Лана Аллина - Вихреворот сновидений
Однако так она ничего не успеет и домой сегодня точно не попадет! Надо скорее заканчивать перевод.
Но что-то пошло не так, её вдохновение пропало, перевод споткнулся и чуть было не упал… Вера оторвалась от работы, встала, подошла к окну.
Глава 9
Полет во сне и наяву
За окном, медленно, словно призрачный сонный корабль, проплывал мимо нее кобальтово-синий вельветовый вечер. Неужели пришла, наконец, зима – в самом конце января? Но как красиво, какая гулкая торжественная тишина вокруг! Там, на улице, крупными хлопьями-корабликами падал снег, деревья стояли величественные, одевшись в новенькие белоснежные шубы, а во дворе института все было покрыто великолепно чистым, каким-то первозданным – библейским (или в библейских историях так жарко, что снега там не может быть?) мягким белоснежным ковром.
Вера глубоко задумалась, заглядевшись на белоснежную зимнюю сказку за окном. Конечно, завтра все снова растает, и под ногами опять будет хлюпать мокрая грязь, но сейчас – как же красиво, тихо все вокруг!

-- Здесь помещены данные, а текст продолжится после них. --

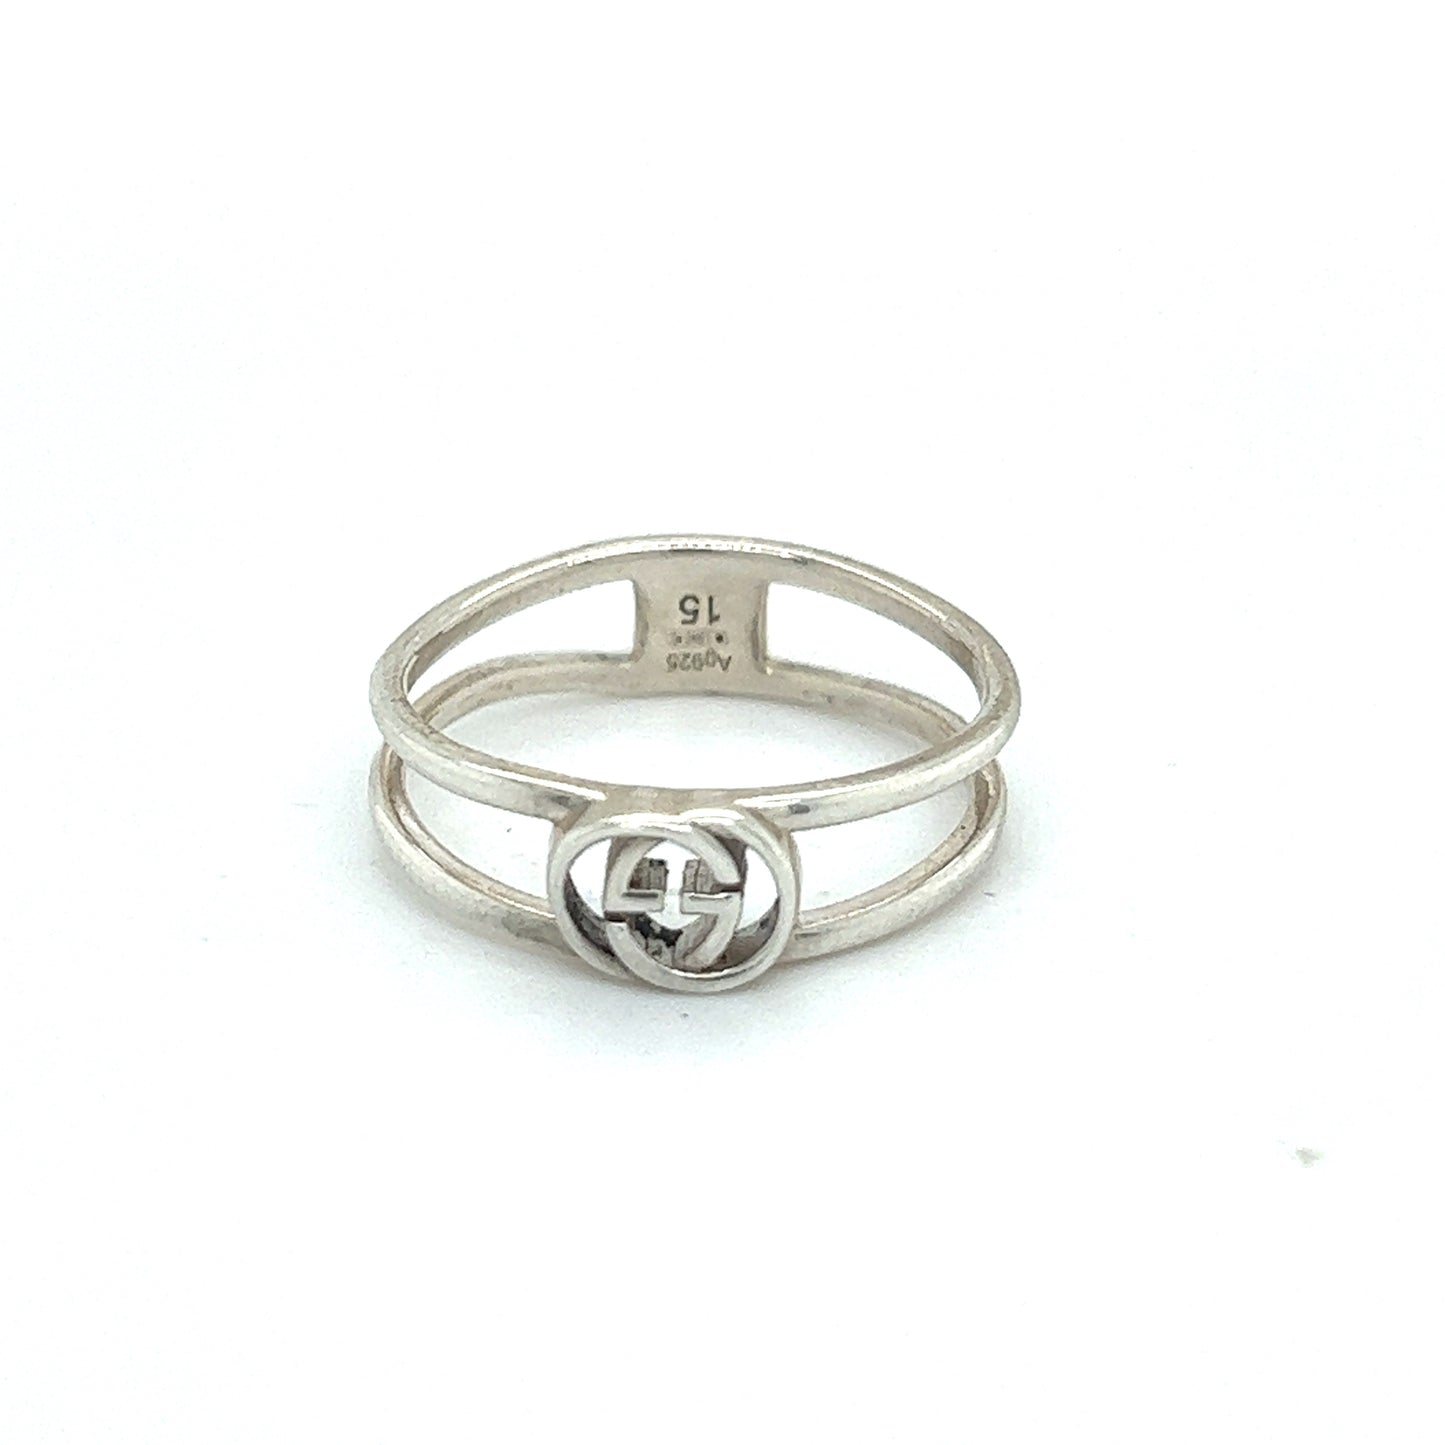 Gucci Estate Ladies Ring Size 7 Sterling Silver G16
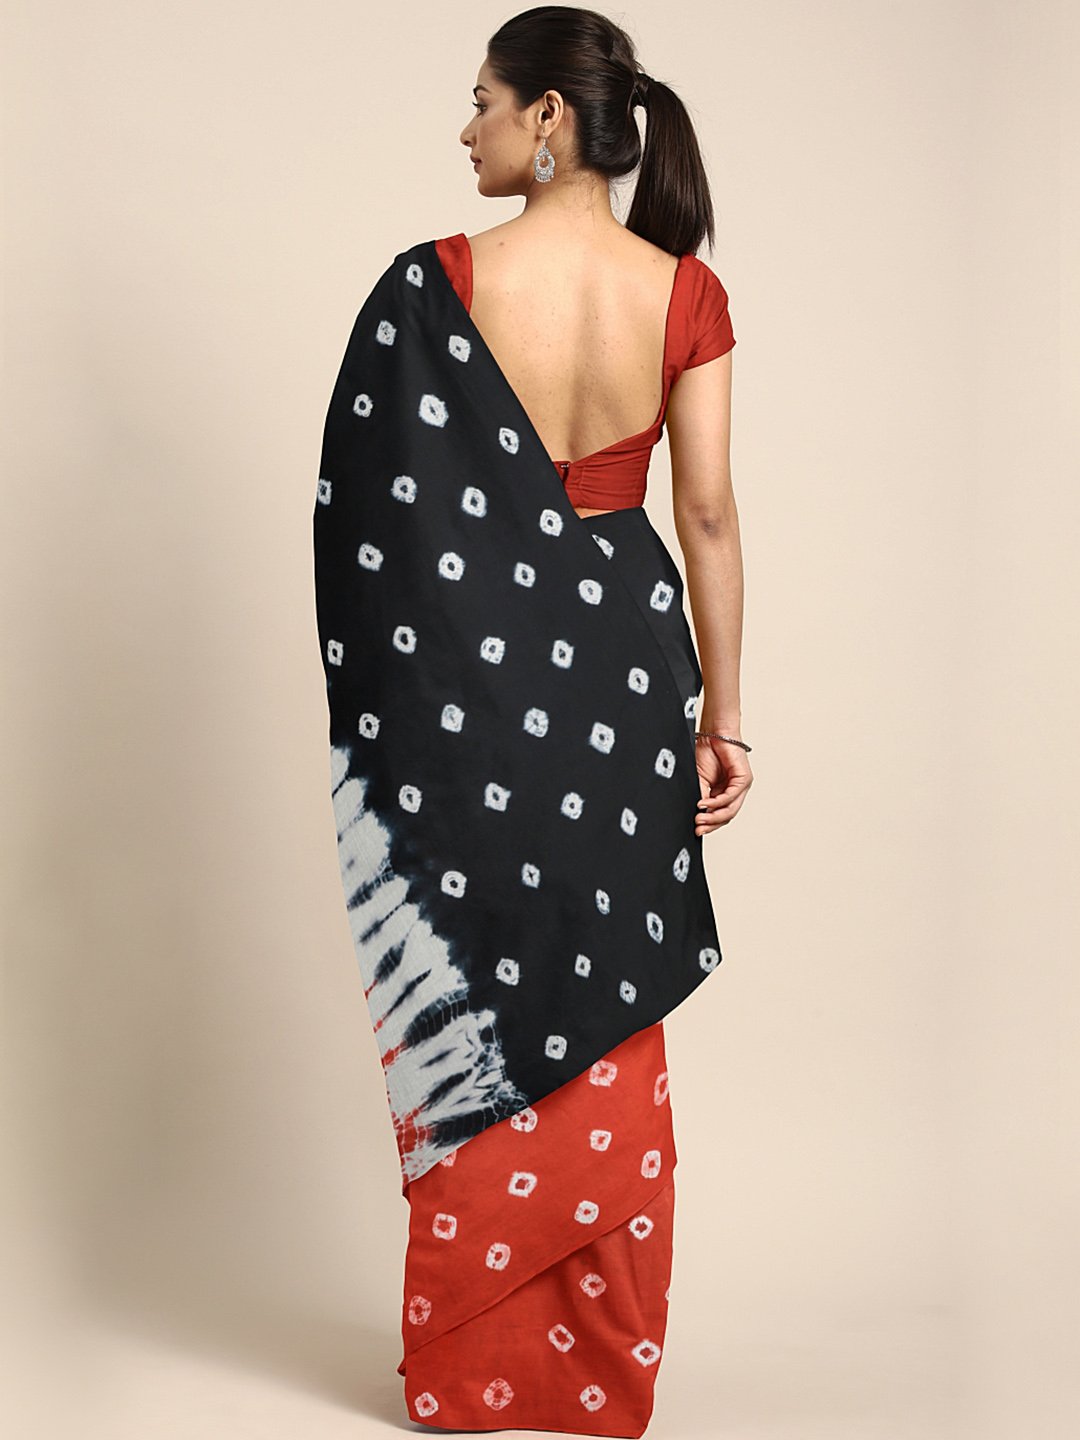 Red & Black Tie & Dyed Handcrafted Cotton Saree-Saree-Kalakari India-BHKPSA0038-Cotton, Dabu, Geographical Indication, Hand Blocks, Hand Crafted, Heritage Prints, Indigo, Natural Dyes, Sarees, Sustainable Fabrics-[Linen,Ethnic,wear,Fashionista,Handloom,Handicraft,Indigo,blockprint,block,print,Cotton,Chanderi,Blue, latest,classy,party,bollywood,trendy,summer,style,traditional,formal,elegant,unique,style,hand,block,print, dabu,booti,gift,present,glamorous,affordable,collectible,Sari,Saree,printed,

– Вероня, а давайте-ка мы сделаем сейчас маленький перерывчик, – услышала она мягкий, как только что выпавший снег, вельветовый, странно интимный голос шефа.
Вера вздрогнула, резко обернулась и увидела Аршаковича. Шеф стоял около ее стола и наливал в два тонких высоких бокала вино из неизвестно откуда взявшейся бутылки.
– Ну что вы так вздрогнули, Веронечка, я вас испугал? Ничего страшного… Но мы с вами это, правда, заслужили. Это, Вероня, вино под названием «Inferno»[58]. Помните, я тут как-то однажды весь наш отдел угощал? Вино потрясающее! С французскими не сравнится. Это я из Италии недавно привез, и я давно хотел вас угостить… Такое вино вы у нас в Союзе нигде, ни в одном магазине не найдете, даже в «Березке»!
– Ну, я не… я даже не знаю, а как же… – пробормотала Вера. – Нет, пожалуй, Павел Аршакович… Надо скорее работу заканчивать. Уже ведь поздно, когда же я домой-то попаду сегодня?
– Ничего, попадете-попадете! Муж, хотя и поздно, но обязательно вас дождется, это я вам гарантирую, и ему тоже! – моментально отреагировал шеф. – Но он же должен понимать: любую работу надо закончить. Ну, а тем временем маленький перерывчик нам отнюдь не повредит. Только вот что… Вроде уже все ушли, одна служба охраны… но все-таки, сами знаете, выпивка на рабочем месте… Это как-то не совсем… одним словом, это у нас не приветствуется. Давайте-ка лучше дверь закроем…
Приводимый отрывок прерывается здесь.